Why Setting Boundaries Is Important
/It’s amazing how often the topic of boundaries comes up in the work I do with my clients and other caregivers – particularly the consequences of not setting boundaries. I’ve had many conversations over the years on why setting boundaries is important, not only for you, but those around you.
Here’s the thing about boundaries. Too often we don’t know what our boundaries are until they’ve been crossed. Why? Because we haven’t spent time identifying our personal boundaries and then setting them with others.
The result is hurt feelings, unnecessary frustration and damaged relationships.
Why do we avoid setting boundaries? Is it because we’re uncomfortable with the conversation or do we think we don’t have the right to set boundaries (not honouring ourselves)?
As someone who spent years avoiding setting boundaries, I will tell you this is not a road you want to go down.
Once I learned the hard way the importance of setting boundaries my load got a lot lighter. I was able to address issues before they festered, have clear communications and operate on terms that work for me, not others.
So, what does setting boundaries look like? It’s starts with getting clear on what works for you.
Personal assessment
To be able to identify your boundaries you must first understand your personal style. Are you comfortable speaking up in meetings or need time to listen and formulate your thoughts? Are you most productive in the mornings or afternoons? How do you want to receive information – verbally, in writing, a combination?
Really take the time to dig deep and understand what you need. Now think of your current interactions with the audience you struggle to set boundaries with. Does it support your needs? Or do you need to make adjustments?
Start small
If you’re someone who has never set boundaries, it might be overwhelming to start stating your needs and pushing back. Instead, think of the small boundaries statements you can make.
If you need quiet to concentrate, look at closing your door or wearing noise cancelling headphones when working on a project. If anyone asks why you’re doing this, simply explain it’s what you need to concentrate.

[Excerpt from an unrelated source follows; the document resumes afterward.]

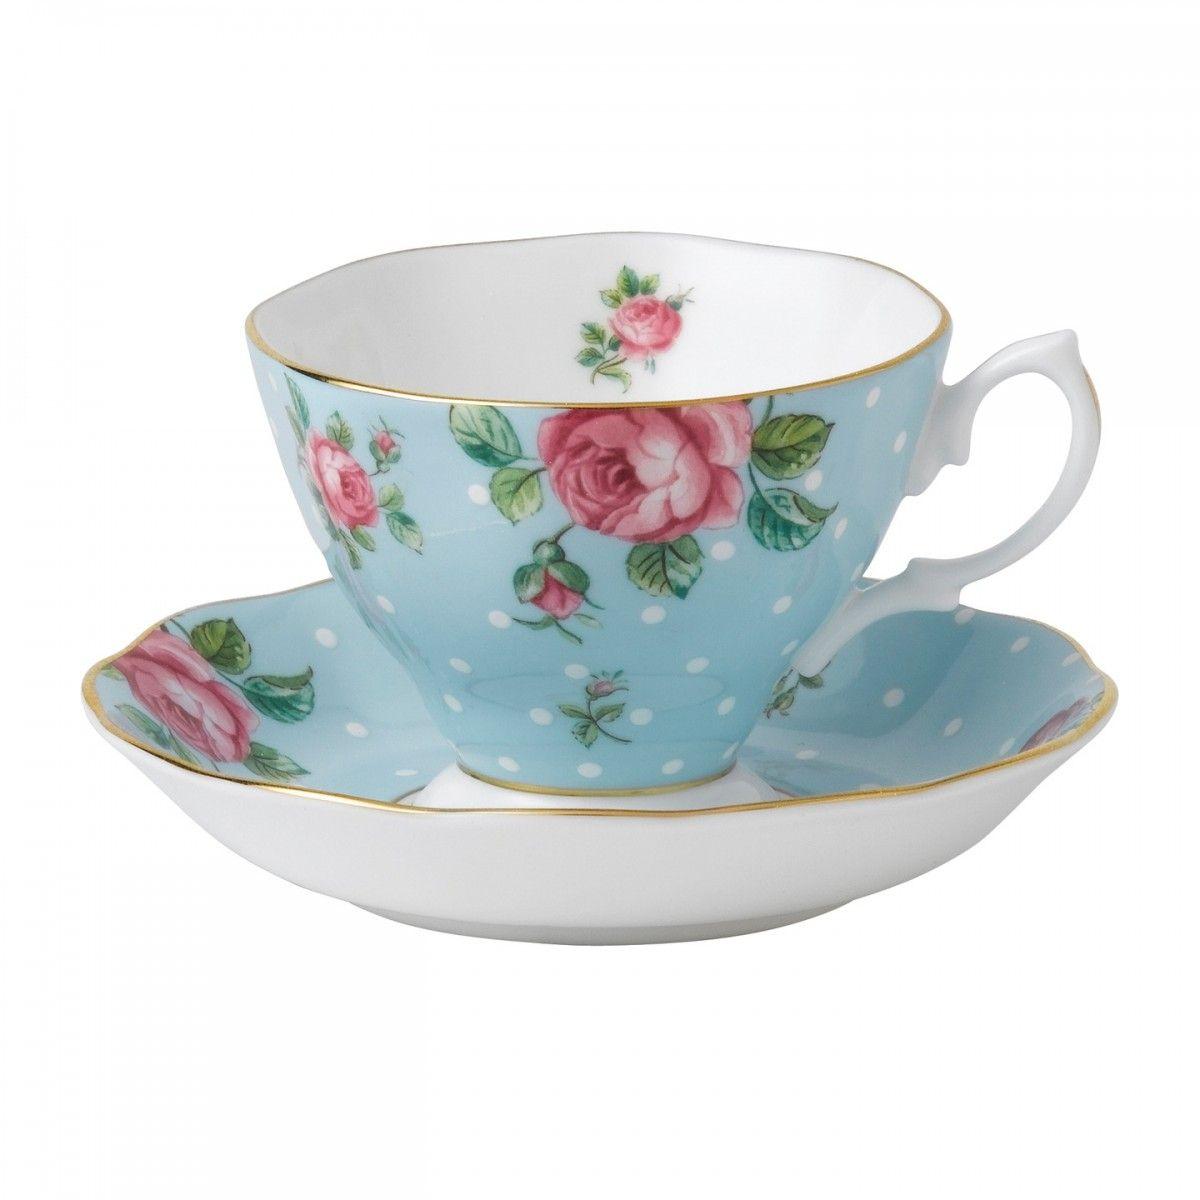 Royal Albert New Country Roses Polka Blue Vintage Formal Teacup Saucer Boxed Set

Or maybe you need one week’s notice for a meeting (I know I do) as you’re juggling work and family obligations.
Be vocal
If you don’t state your boundaries no one will know you have any.
This was a real aha moment for one of my coaching clients. She talked about her frustration of people barging in her office, taking her off her focus without asking if she had time to talk. This was particularly annoying when she was on a deadline.

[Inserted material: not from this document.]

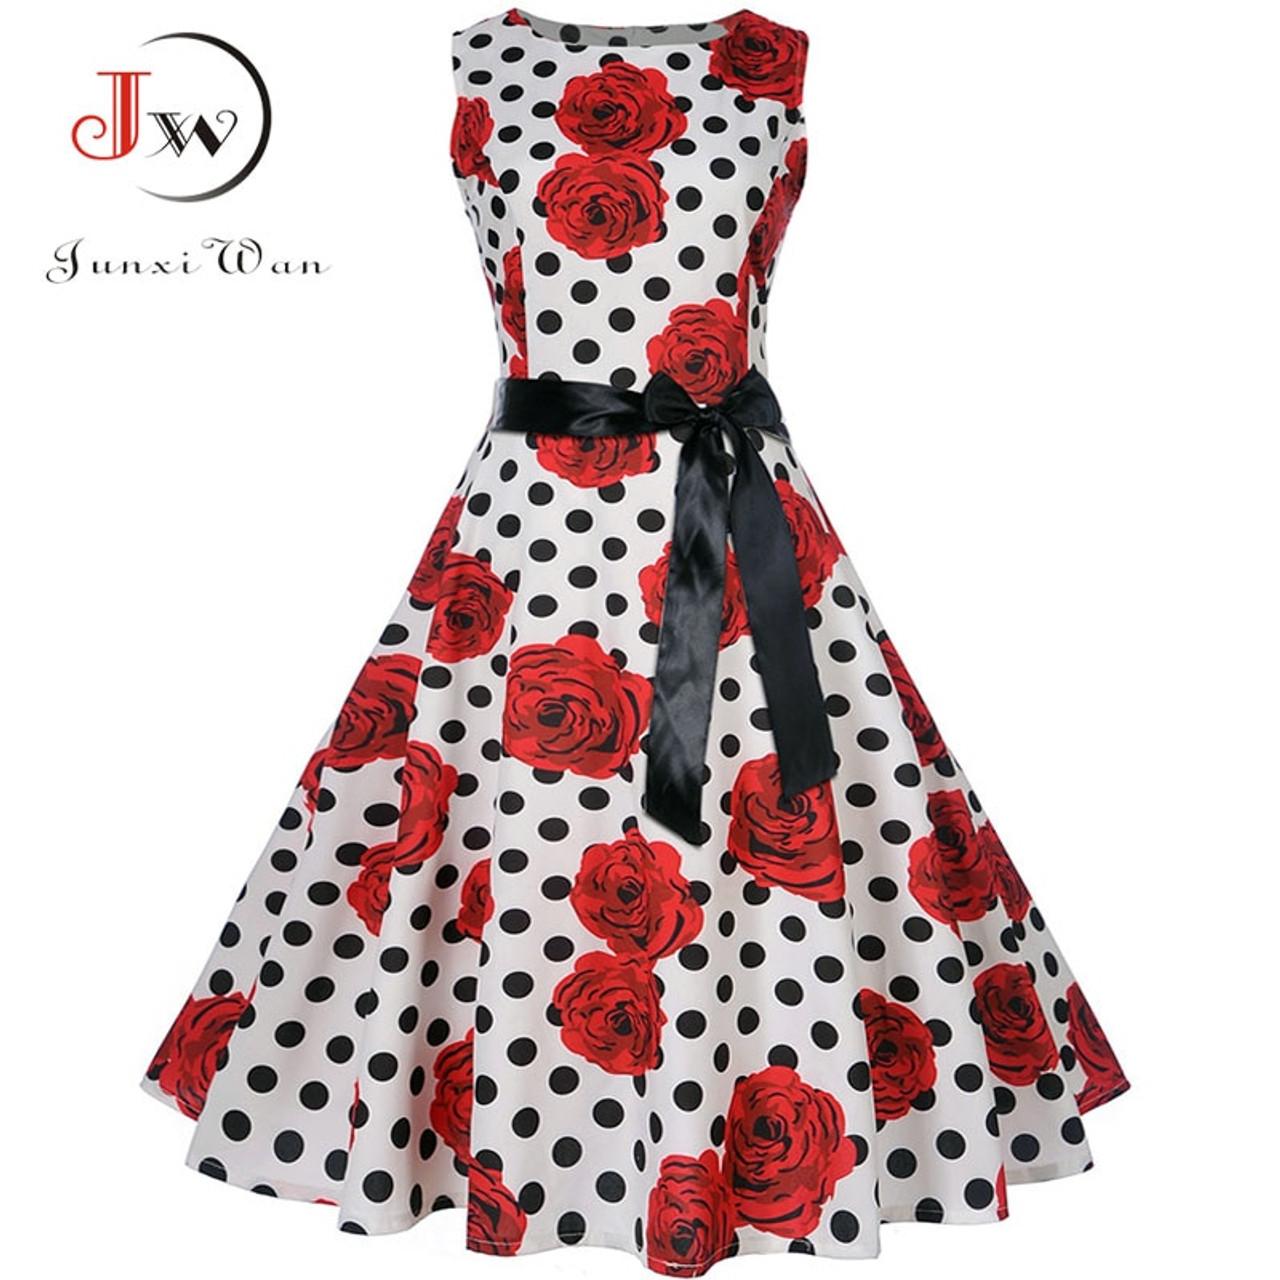 b9e3b31dc02 ... Plus Size Summer Dress 2018 Women Vintage Rockabilly Dresses Jurken  Floral 50s 60s Retro Big Swing

When I asked if she ever told people she was on a deadline and asked if their matter was urgent or if they could come back at another time, her answer was no. She was afraid of being perceived as rude. Instead, she simmered inside while the person ate up her valuable time.
Our solution was to put a notice on her door indicating she was working on a project and to call her if it was urgent. It was amazing how many people read the sign, shrugged their shoulders and walked away. She never did get a phone call.
From there she gained the confidence to state her boundaries verbally. Being a morning person, she requested non-urgent meetings be held in the afternoon so she could spend her mornings focused on her projects.
Once again, she did not get pushback. Rather, people just accepted the time that was suggested for the meeting.
While this is a work related example, I’m sure you can see how boundary setting can impact other areas of your life.
Prioritize you
It’s amazing how setting small boundaries can make big changes. Looking at my client, she commented on how her persona changed when she came to meetings. By suggesting the time that worked for her, she came prepared and focused instead of frustrated it was taking away from her productive time.
We teach people how to treat us.
If we take a passive role in our time scheduling and priority setting then others will have no problem taking the lead. But when we are clear about our boundaries it helps those around us have a better understanding of our needs.
Over the next week I encourage you to look at your own personal boundaries. What are your personal needs? Have you been clear in setting boundaries? If not, how will you set boundaries with other?
I expect you’ll find as your frustration decreases your relationships with others will improve as you will be putting your needs first.